Kann Griechenlands Wirtschaft in 2026 weiter wachsen, obwohl die EU-Gelder dieses Jahr auslaufen?
Griechenland startet 2026 mit einer Portion Optimismus aus der Regierung. Sie setzt auf anhaltendes Wirtschaftswachstum.
Offizielle Prognosen erwarten ein stärkeres BIP-Wachstum als im Euroraum. Investitionen sollen steigen, die Arbeitslosigkeit sinken und die Inflation moderater bleiben.
Die Haushaltsführung bleibt ein zentrales Ziel, um die finanzielle Stabilität zu sichern.

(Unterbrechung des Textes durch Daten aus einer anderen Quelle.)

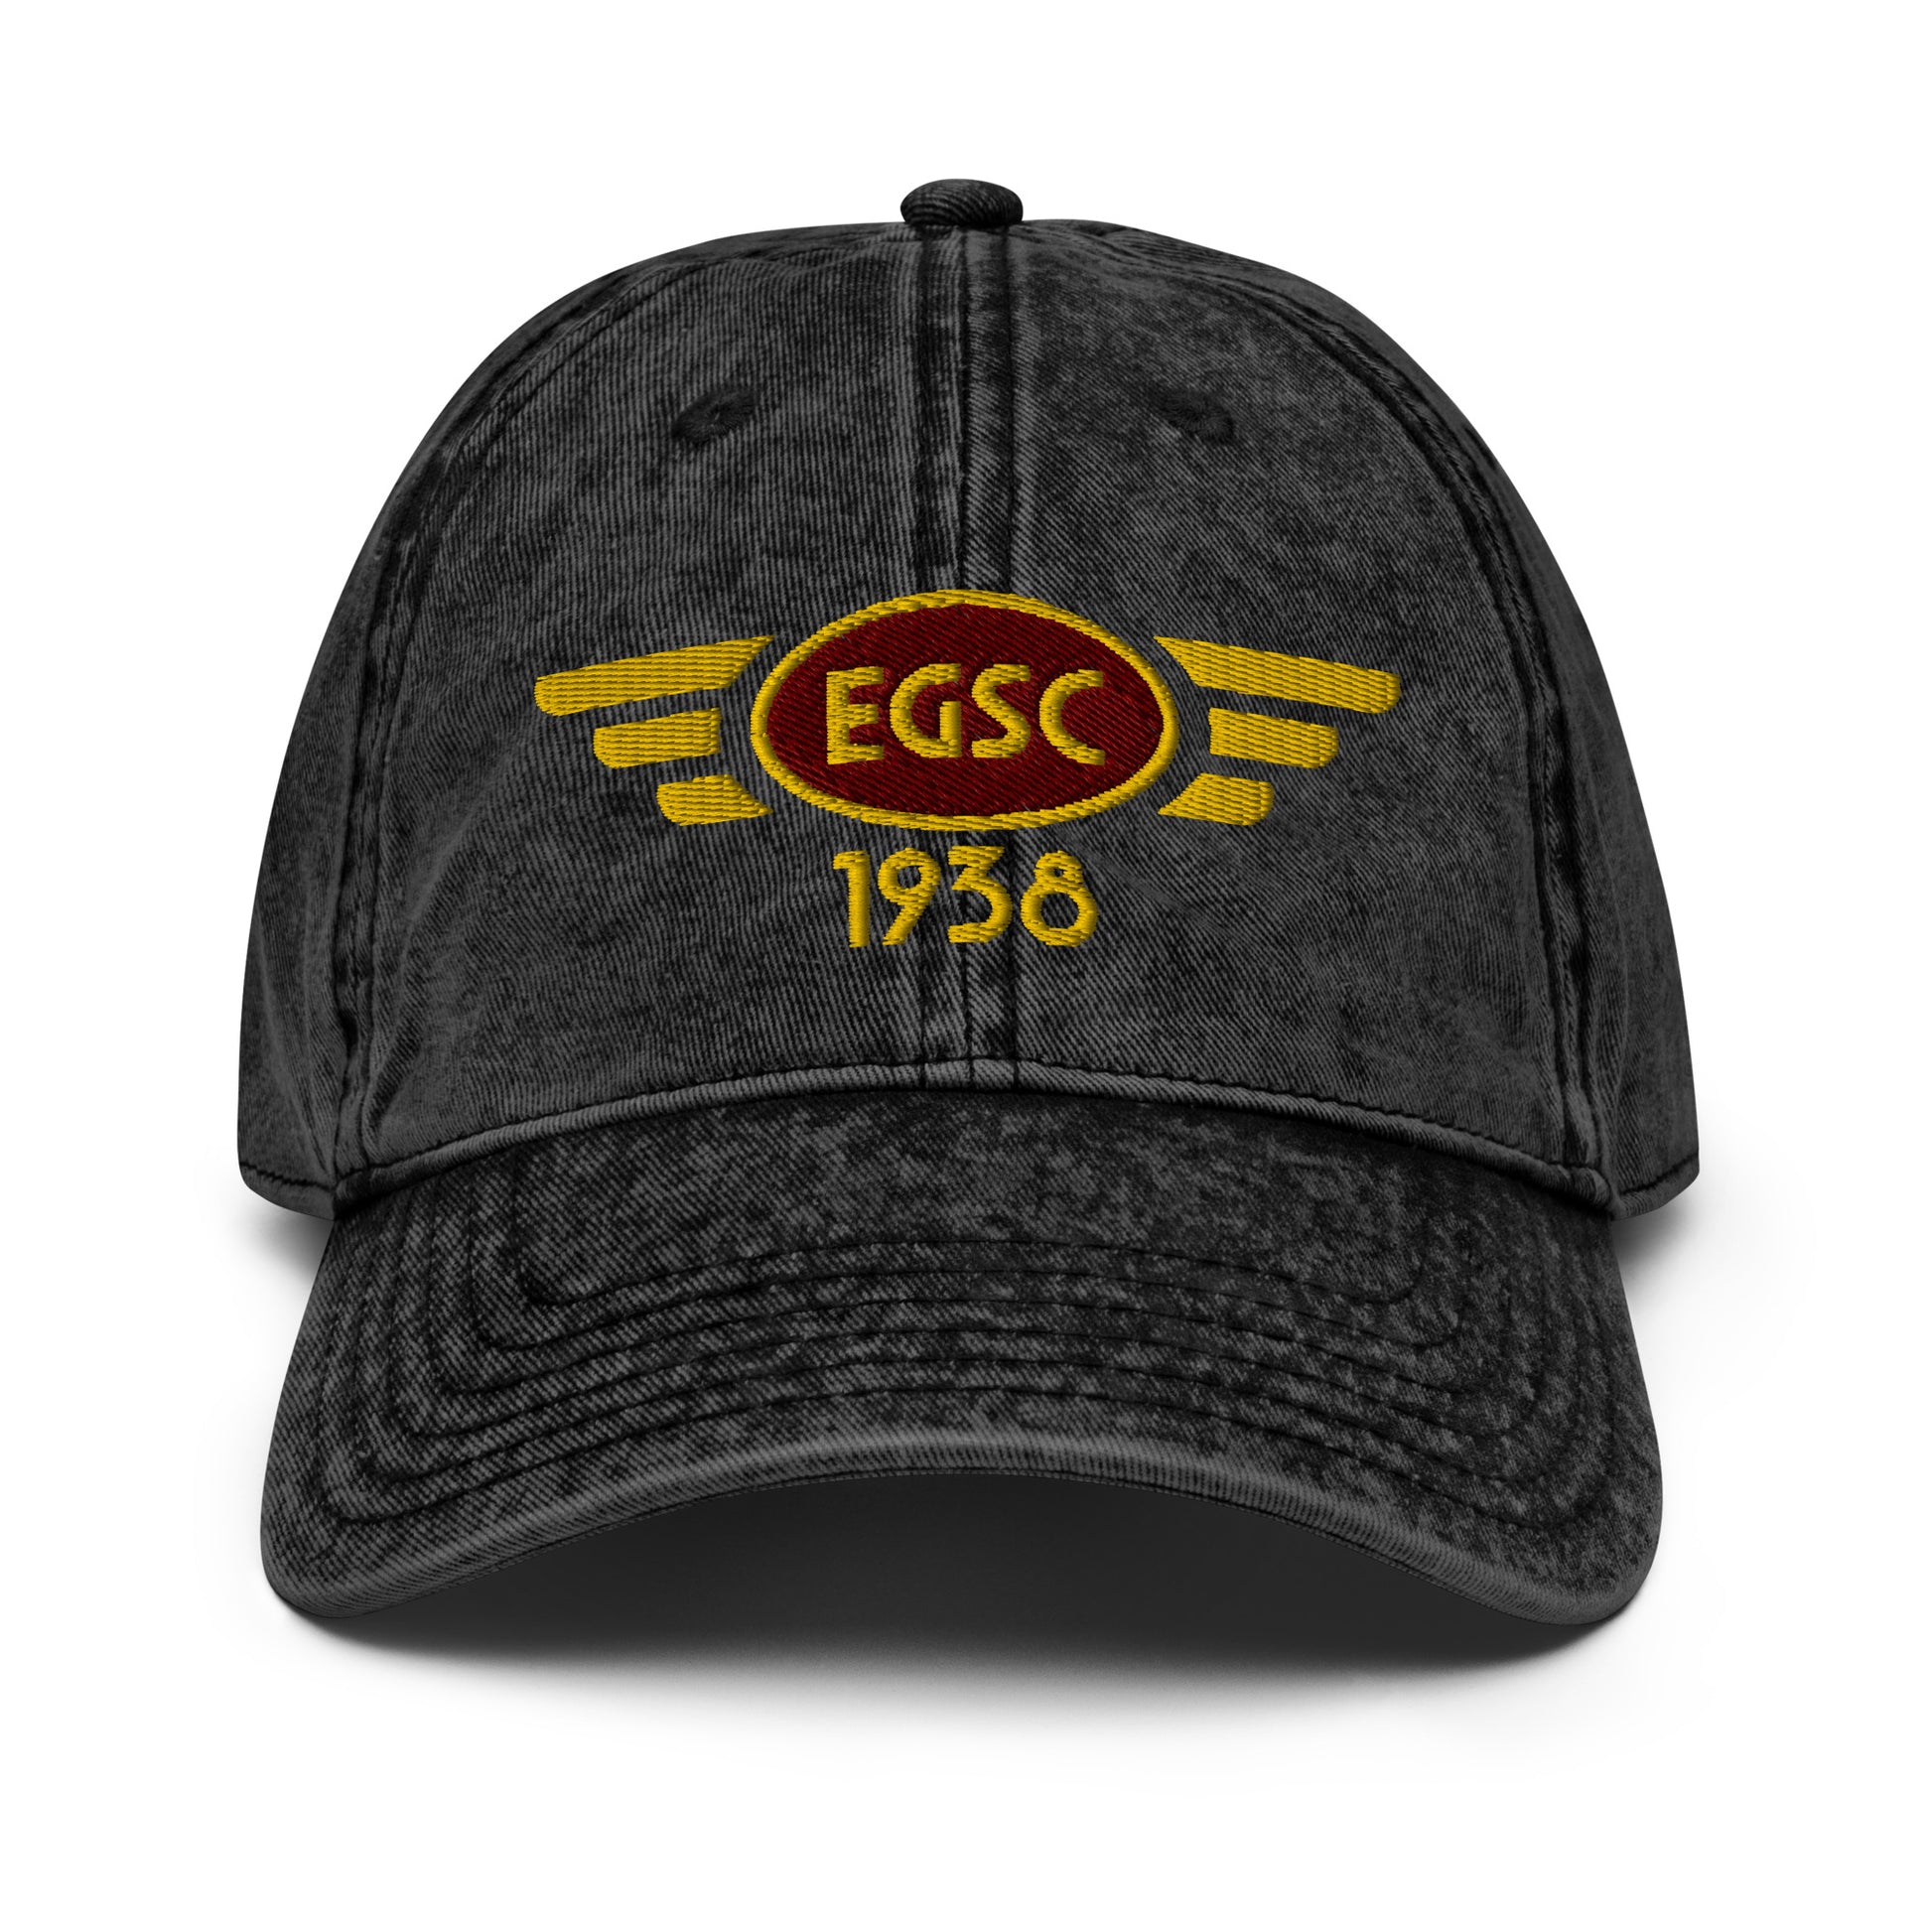 Black cotton twill baseball cap with embroidered vintage style aviation logo for Cambridge Airport.

Die Regierung betont immer wieder: Wirtschaftliche Fortschritte zählen nur, wenn sie das tägliche Leben der Menschen besser machen.
Hier stehen Maßnahmen im Fokus, die Wachstum mit greifbaren Vorteilen für Haushalte und Beschäftigte verbinden sollen.
Risiken für die griechische Wirtschaft 2026 und danach
Hellas steht vor einigen echten Hürden, wenn die EU-Gelder auslaufen. Die kurzfristigen Investitionsquellen, die in den letzten Jahren geholfen haben, werden schwächer.
Wenn private Investitionen nicht einspringen, kann das Wachstum schnell abbremsen.
Die Wirtschaft hängt immer noch stark von öffentlicher und EU-finanzierter Nachfrage ab. Staatlich getriebene Projekte hinterlassen Lücken, wenn private Firmen nicht flott genug in Infrastruktur, Technologie und Produktion investieren.
Das nennt man oft «Investitionslücke». Inflation, schwache externe Nachfrage und geopolitische Risiken drücken zusätzlich auf Exporte und Tourismus.
Sinkende Nachfrage aus dem Ausland trifft Griechenland besonders, weil die Wirtschaft so stark auf Dienste und Kapitalzuflüsse baut.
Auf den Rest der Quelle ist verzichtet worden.